__RECORD EXCERPTS__:
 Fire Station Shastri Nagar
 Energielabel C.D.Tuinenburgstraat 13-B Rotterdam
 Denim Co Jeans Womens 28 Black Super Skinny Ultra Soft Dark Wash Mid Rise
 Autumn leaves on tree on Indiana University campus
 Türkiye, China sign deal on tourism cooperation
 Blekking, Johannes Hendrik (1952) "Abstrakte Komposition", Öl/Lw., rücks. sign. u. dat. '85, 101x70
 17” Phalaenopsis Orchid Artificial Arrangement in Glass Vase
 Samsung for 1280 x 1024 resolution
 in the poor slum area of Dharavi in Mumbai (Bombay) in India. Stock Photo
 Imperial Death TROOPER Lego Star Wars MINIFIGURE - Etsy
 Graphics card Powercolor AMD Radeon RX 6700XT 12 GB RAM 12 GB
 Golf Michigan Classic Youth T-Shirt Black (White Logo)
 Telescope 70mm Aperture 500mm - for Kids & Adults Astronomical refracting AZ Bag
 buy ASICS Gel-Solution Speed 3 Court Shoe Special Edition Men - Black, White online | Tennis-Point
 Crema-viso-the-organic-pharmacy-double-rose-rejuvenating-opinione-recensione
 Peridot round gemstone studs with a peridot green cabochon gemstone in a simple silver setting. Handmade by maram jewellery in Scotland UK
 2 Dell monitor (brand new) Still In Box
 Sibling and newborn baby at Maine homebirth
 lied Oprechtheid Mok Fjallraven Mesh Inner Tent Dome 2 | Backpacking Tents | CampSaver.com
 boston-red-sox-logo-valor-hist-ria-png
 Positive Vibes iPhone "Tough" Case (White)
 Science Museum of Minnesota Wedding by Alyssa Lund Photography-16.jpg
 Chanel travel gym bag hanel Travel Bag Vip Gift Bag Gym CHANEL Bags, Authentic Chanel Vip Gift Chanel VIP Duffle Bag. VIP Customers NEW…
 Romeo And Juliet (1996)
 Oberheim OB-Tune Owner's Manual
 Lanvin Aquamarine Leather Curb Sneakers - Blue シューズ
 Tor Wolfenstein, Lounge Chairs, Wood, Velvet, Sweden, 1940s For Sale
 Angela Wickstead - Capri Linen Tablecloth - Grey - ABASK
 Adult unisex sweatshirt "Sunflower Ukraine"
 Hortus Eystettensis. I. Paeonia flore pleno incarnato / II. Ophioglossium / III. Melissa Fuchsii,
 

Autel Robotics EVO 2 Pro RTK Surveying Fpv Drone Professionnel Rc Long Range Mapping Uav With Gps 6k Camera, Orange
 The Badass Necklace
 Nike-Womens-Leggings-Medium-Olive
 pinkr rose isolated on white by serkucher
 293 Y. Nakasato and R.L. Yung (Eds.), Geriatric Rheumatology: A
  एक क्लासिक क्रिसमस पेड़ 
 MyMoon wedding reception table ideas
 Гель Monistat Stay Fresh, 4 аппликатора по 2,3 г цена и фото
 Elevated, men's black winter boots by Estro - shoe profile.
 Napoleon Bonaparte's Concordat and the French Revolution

__PROBLEM TO SOLVE__: Return only the part of the records above that opens with the line containing "Peridot round gemstone" and closes with the line containing "Lanvin Aquamarine Leather", ends included.

__ANSWER SPACE__:
 Peridot round gemstone studs with a peridot green cabochon gemstone in a simple silver setting. Handmade by maram jewellery in Scotland UK
 2 Dell monitor (brand new) Still In Box
 Sibling and newborn baby at Maine homebirth
 lied Oprechtheid Mok Fjallraven Mesh Inner Tent Dome 2 | Backpacking Tents | CampSaver.com
 boston-red-sox-logo-valor-hist-ria-png
 Positive Vibes iPhone "Tough" Case (White)
 Science Museum of Minnesota Wedding by Alyssa Lund Photography-16.jpg
 Chanel travel gym bag hanel Travel Bag Vip Gift Bag Gym CHANEL Bags, Authentic Chanel Vip Gift Chanel VIP Duffle Bag. VIP Customers NEW…
 Romeo And Juliet (1996)
 Oberheim OB-Tune Owner's Manual
 Lanvin Aquamarine Leather Curb Sneakers - Blue シューズ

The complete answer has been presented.